Activity —
The copy you give must match the listing below exactly and contain no pictures.

Data below —
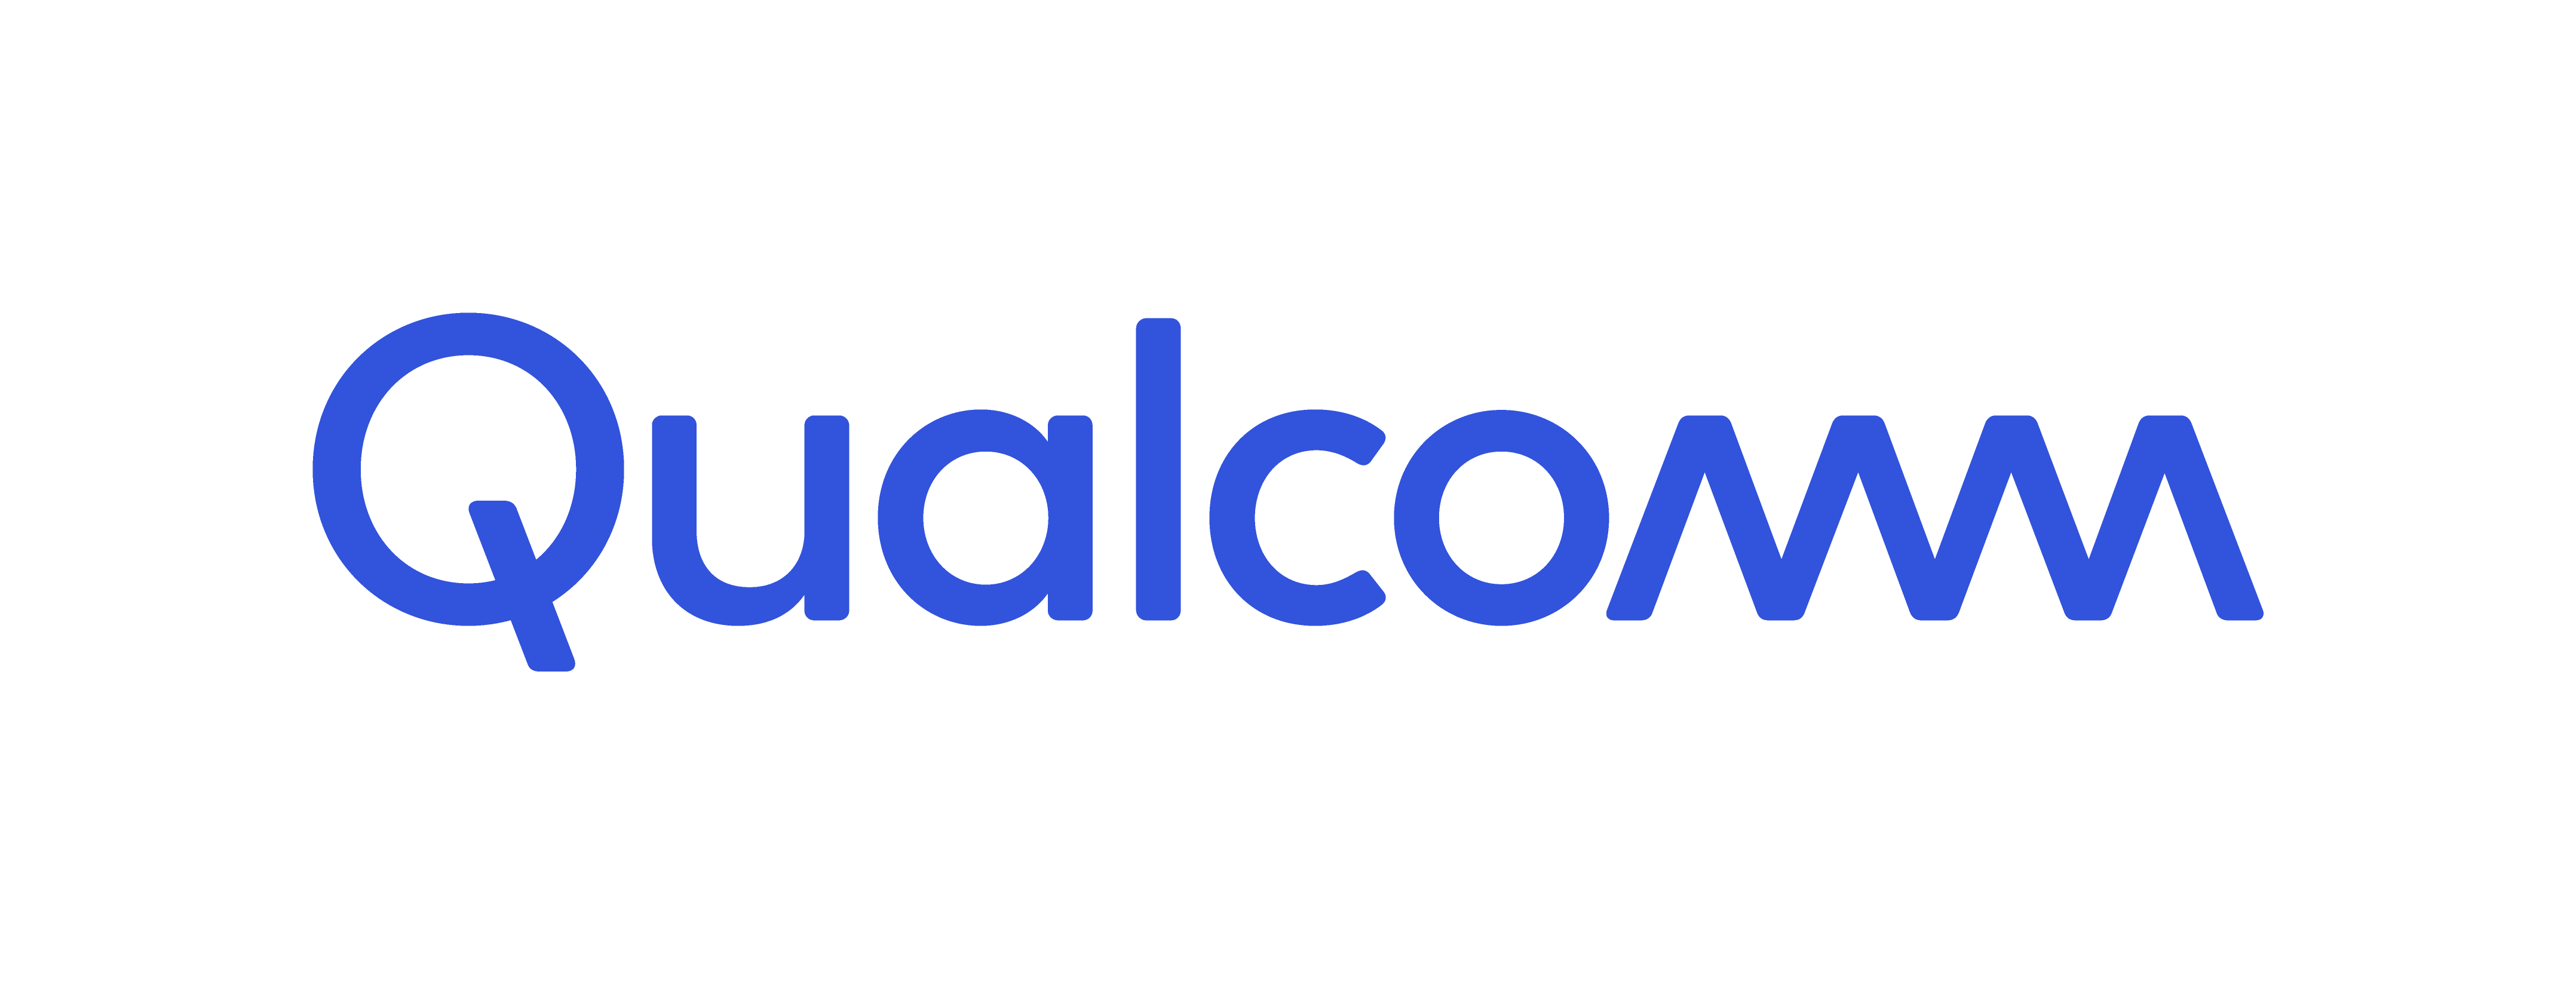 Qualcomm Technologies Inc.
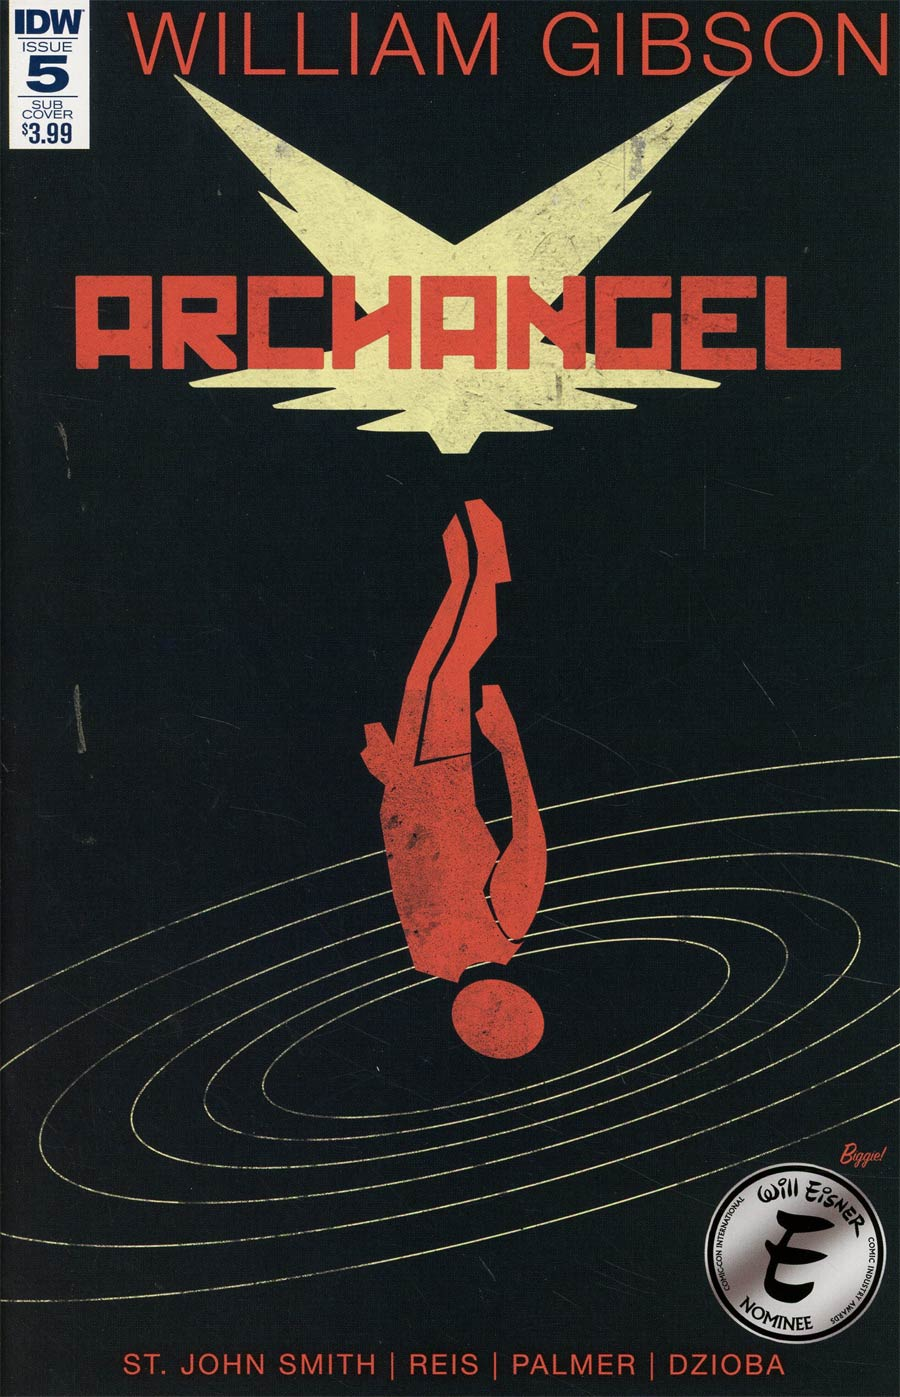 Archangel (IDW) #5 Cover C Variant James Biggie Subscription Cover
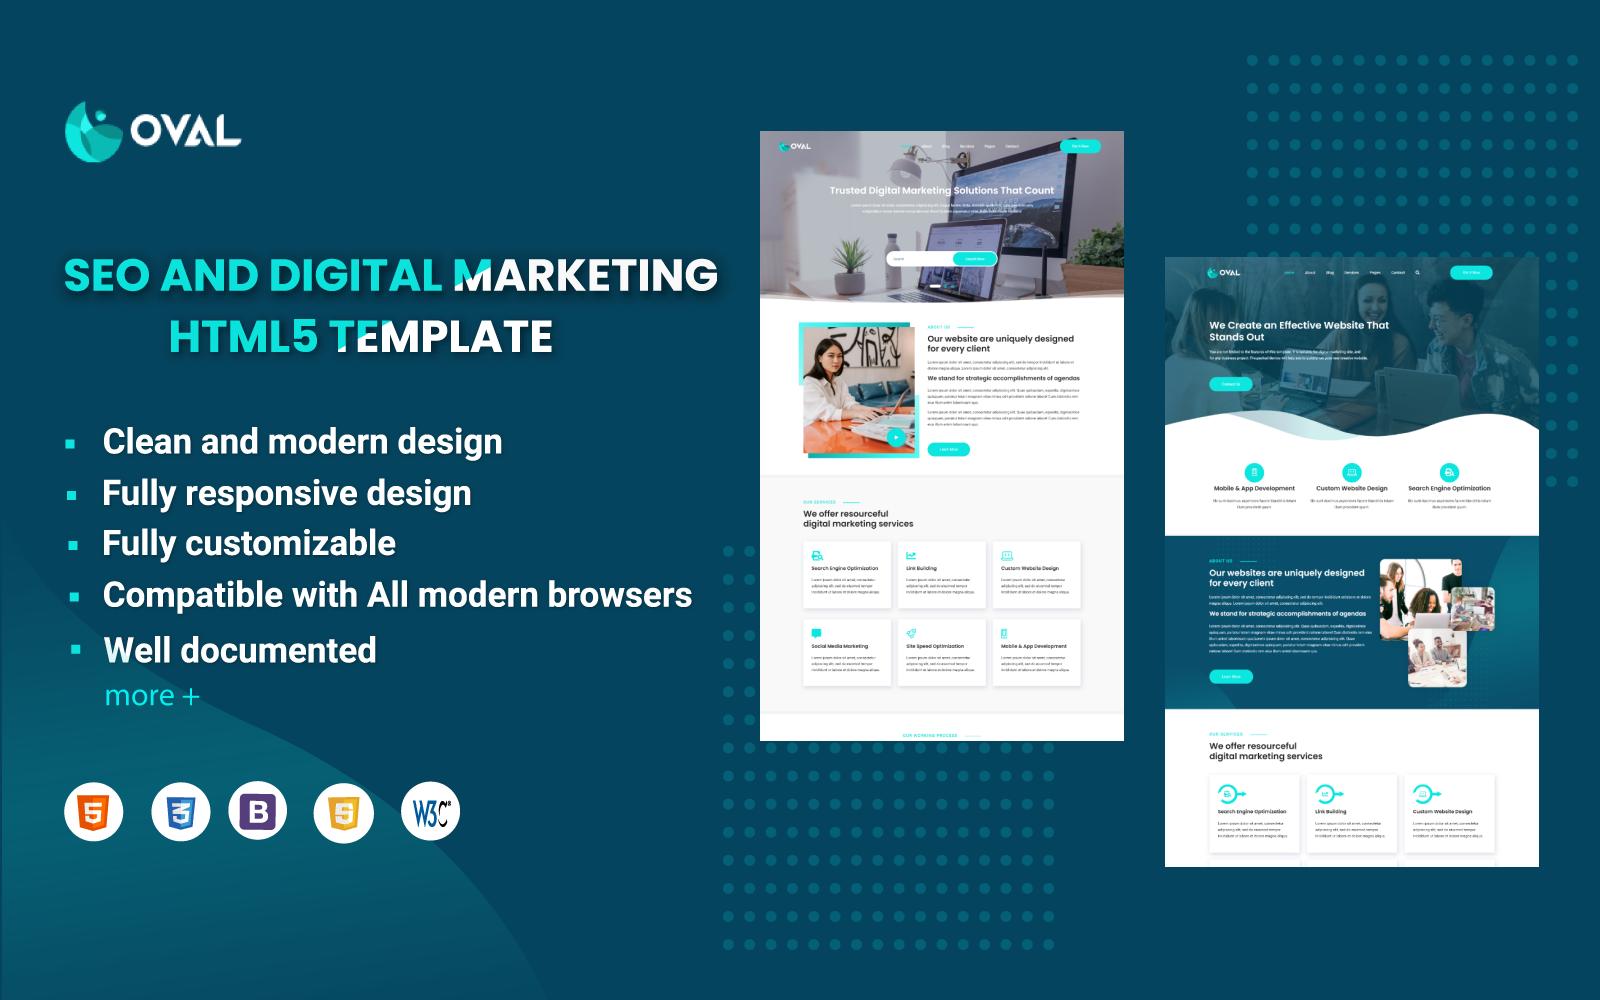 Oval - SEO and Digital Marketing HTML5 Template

Written response —
 Qualcomm Technologies Inc.
 Archangel (IDW) #5 Cover C Variant James Biggie Subscription Cover
 Oval - SEO and Digital Marketing HTML5 Template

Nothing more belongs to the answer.